PROVISION FOR INSPECTION OF NEW BRIDGES

In the design of a new bridge, provision must be made for maintenance inspection. For example, plate girders can be provided with safety handrails, safety railings can be specified on top of wide piers for inspectors to check bearings, and safety ladders can be installed to provide access to elements of the bridge otherwise difficult to reach. For deck-type bridges of moderate span and width, it will be possible to access the superstructure from special bridge inspection vehicles operating on the deck. For longer spans where the depth of girder exceeds the vertical capacity of a boom, and for wider bridges where the horizontal reach of the boom is not adequate, it may be necessary to provide catwalks or permanent movable inspection platforms. These devices are becoming increasingly popular as inspection and maintenance require­ments are given the attention they deserve in the design process.

4.16 SCOUR

Stream scour can undermine bridge piers or abutments, resulting in collapse of spans and loss of life. Several such incidents, including collapses in Alabama, New York (Schoharie Creek bridge on the New York Thruway, 1987), and Tennessee, caused FHWA to mandate the evaluation of all highway bridges for scour vulnerability by 1997.

An insidious aspect of scour is that soil around a foundation can be removed and rede­posited during a flood without leaving clear evidence that this has occurred, so that material may be present but may not provide the required support. Beyond surveying the stream bot­tom for local lowering of the flow line and inspecting around the pier by visual, manual, and remote means, current techniques for determining whether a loss of support has occurred are limited. They include physical probing and use of ground-penetrating radar.

Bridge scour evaluation requires input from hydraulic engineers as well as from structural and geotechnical engineers. Following the determination of a total scour prism, all three disciplines should be involved in providing structural stability.

Scour Study. A scour study at an existing bridge will include some or all of the following:

• A channel bottom physical inspection

• A channel bottom topographic inspection

• A localized scour evaluation conducted around each substructure element

• Photographic or video recording of observations

• Hydraulic analysis

• Soils investigation including laboratory testing

Hydraulic Analysis. In the hydraulic analysis, depth of scour is calculated for 100-year and 500-year floods. Inclusion of the 500-year flood calculation reflects a change of thinking in regard to bridge hydraulics that has taken place in the last 20 or 30 years. Previously, it was thought acceptable to have a very small percentage of bridges wash out in a severe flood, and if this did not occur the hydraulic design requirements were considered excessive. The current thinking is that a complete washout should be avoid­ed, even in very extreme floods because total cost of a bridge failure would be more than design for scour.

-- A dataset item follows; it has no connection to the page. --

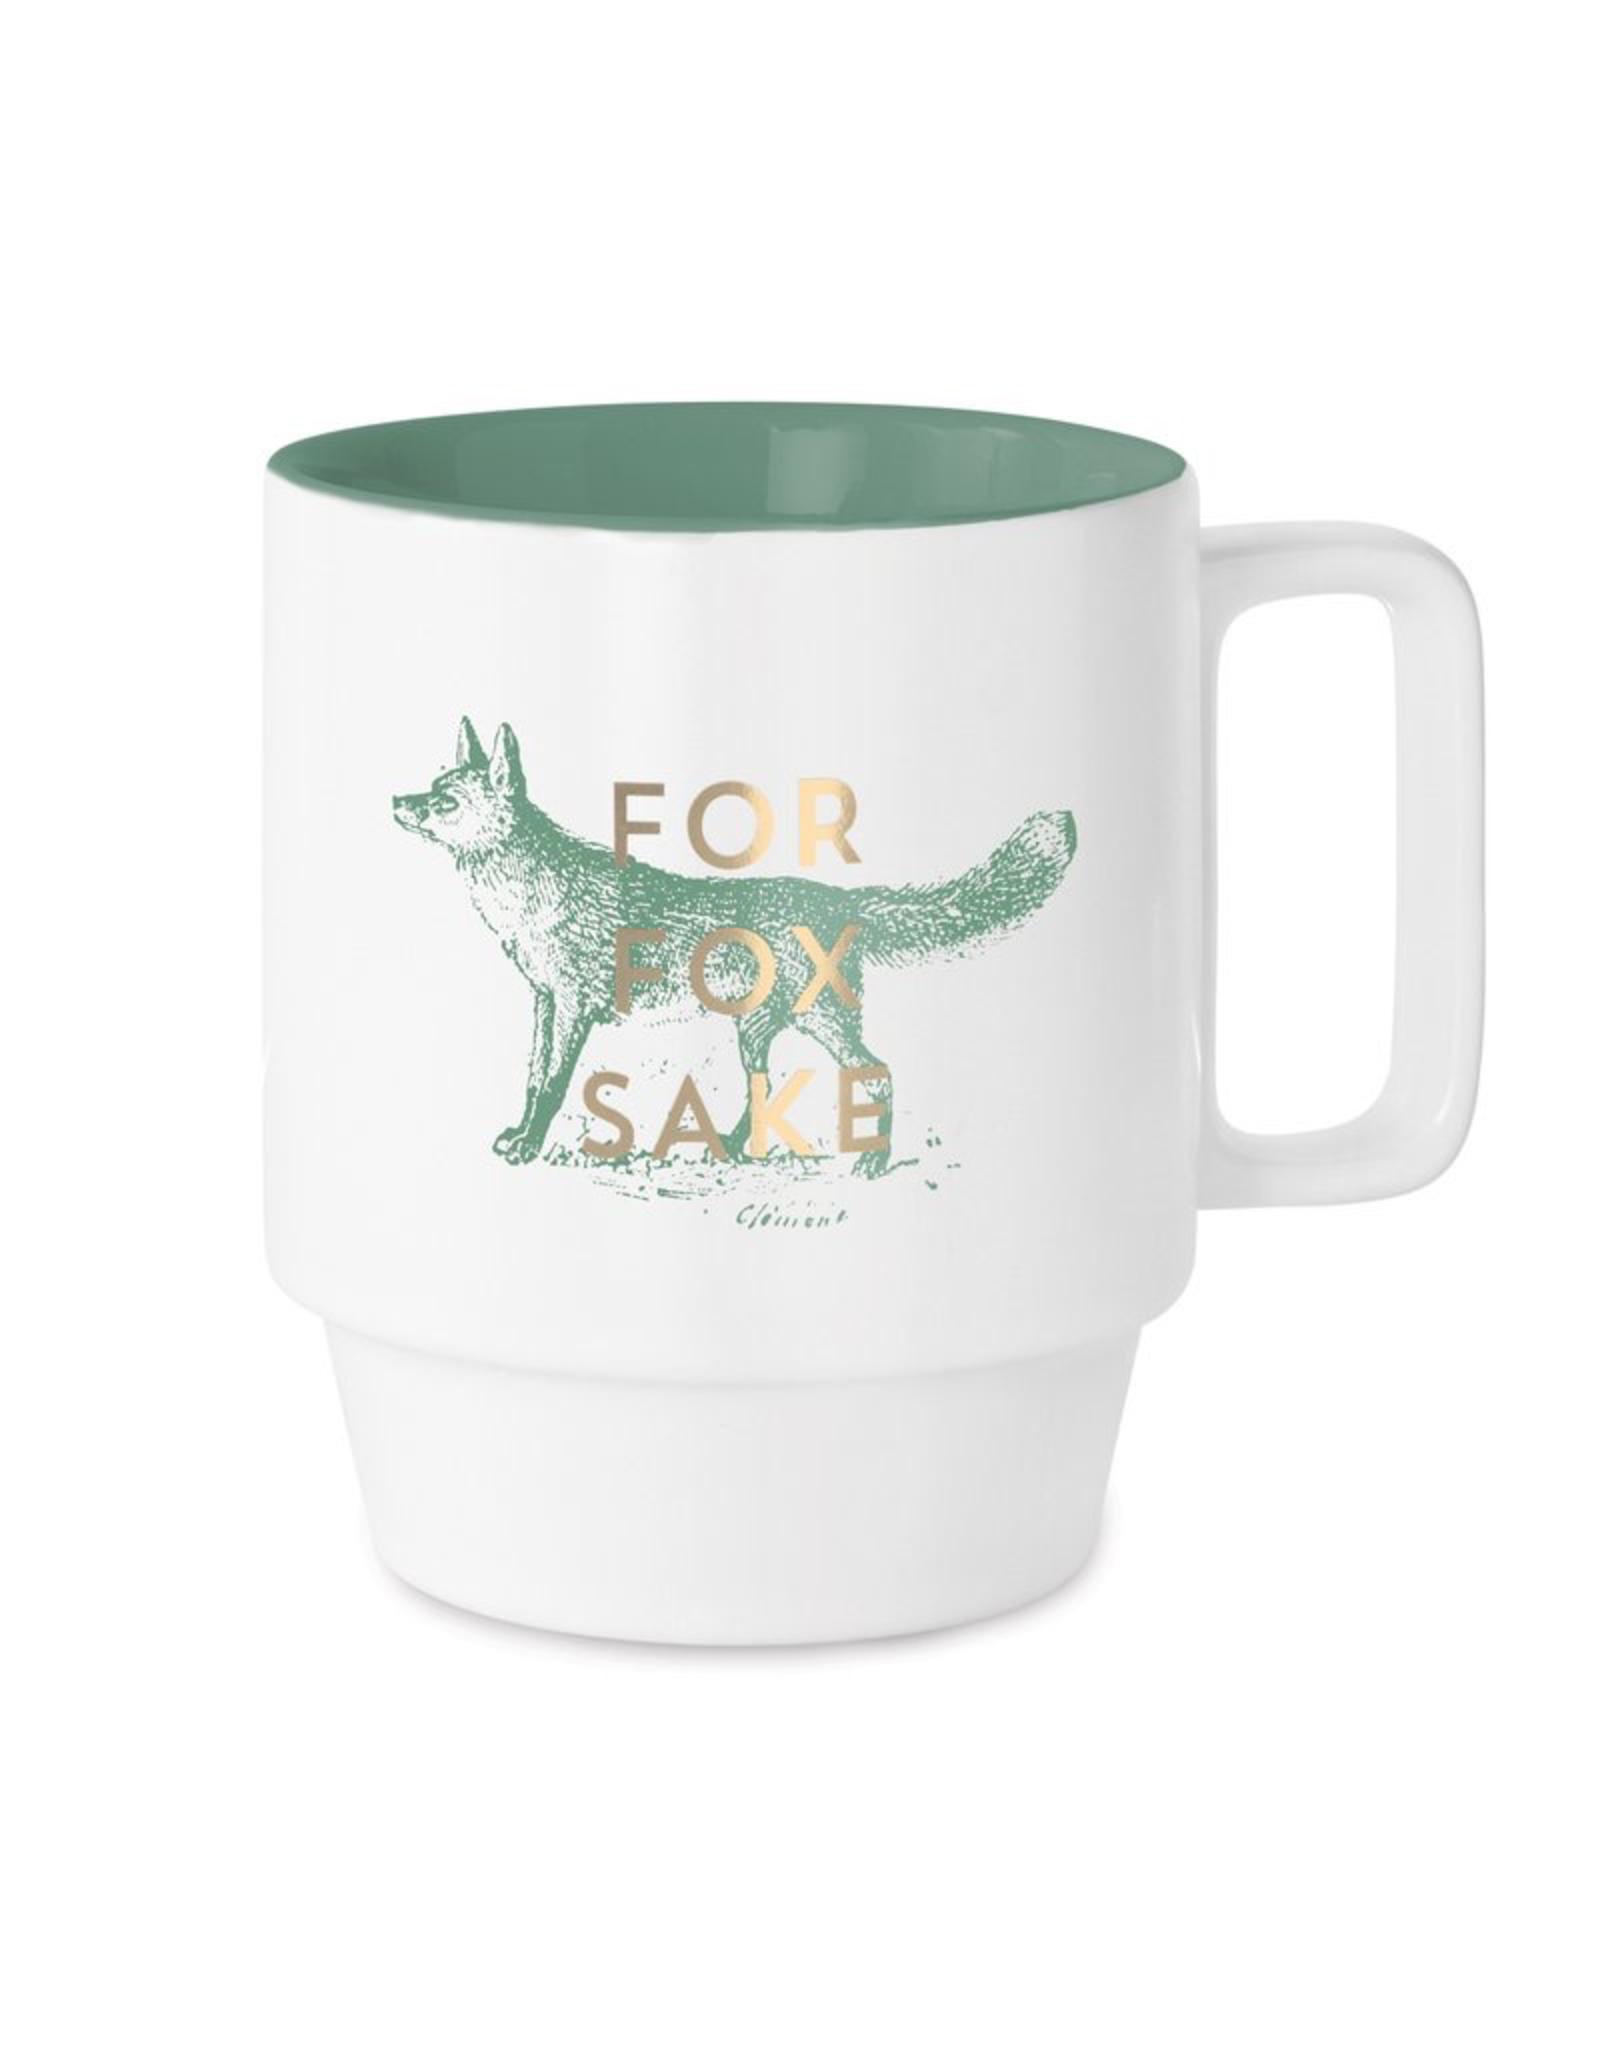 For Fox Sake Mug 12oz.

A difficulty in implementing this policy, as in earthquake engi­neering, is that the hydrologic database has been developed over a relatively short period of time in the United States.

AASHTO LRFD specifications require the bridge foundations to be investigated for the following two conditions:

• 100-year design flood for scour or an overtopping flood of lesser recurrence interval

at strength and service limit states

• 500-year check flood for scour or an overtopping flood of lesser recurrence interval

at extreme event limit state

AASHTO Model Drainage Manual contains guidance on design procedures and computer software for hydrologic and hydraulic design.

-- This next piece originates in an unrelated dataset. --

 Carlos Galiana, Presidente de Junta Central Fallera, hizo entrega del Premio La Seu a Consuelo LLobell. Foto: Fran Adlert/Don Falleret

A series of hydraulic analysis computer programs are available to assist in scour analysis. They include HEC-18, Evaluating Scour at Bridges; HEC-20, Stream Stability at Highway Structures; HEC-23, Bridge Scour and Stream Instability Countermeasures; HEC-RAS, River Analysis System; HY-8, Culvert Hydraulics Analysis; and FHWA’s water surface modeling program, WSPRO. These programs are primarily for inland streams. In coastal areas, tidal velocities and hurricane surge velocities may also cause scour. To perform the hydraulic analyses for these condi­tions, it may be necessary to obtain data from the Federal Emergency Management Agency (FEMA) and the National Oceanic and Atmospheric Administration (NOAA) and to use other analysis techniques.

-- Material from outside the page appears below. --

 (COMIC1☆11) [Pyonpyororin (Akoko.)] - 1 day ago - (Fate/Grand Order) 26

Soils Investigation. The objective of the soils investigation is to determine whether and to what degree the soils are subject to being eroded. Grain size is of particular interest.

Countermeasures. Where a potential for undermining is found, countermeasures will be required to ensure the stability of the bridge. Countermeasures include riprap, poured-concrete protective aprons with keyed edges, cabled-concrete sections, pre­cast-concrete units, rock-filled basket mattresses, and protective piles or sheet-piling. In the case of new bridges, where more opportunities for preventing scour exist, some of the available options are a larger waterway opening that reduces stream velocity, location of piers out of the scour-vulnerable zone, use of deeper piles, and selection of a different pier shape.

Design Information on Plans for New Bridges. Information from the scour analysis for a new bridge should be placed on the construction drawings so that a permanent record of scour estimates, and their effect on design, is readily available for future inspections and for improvement of this design process.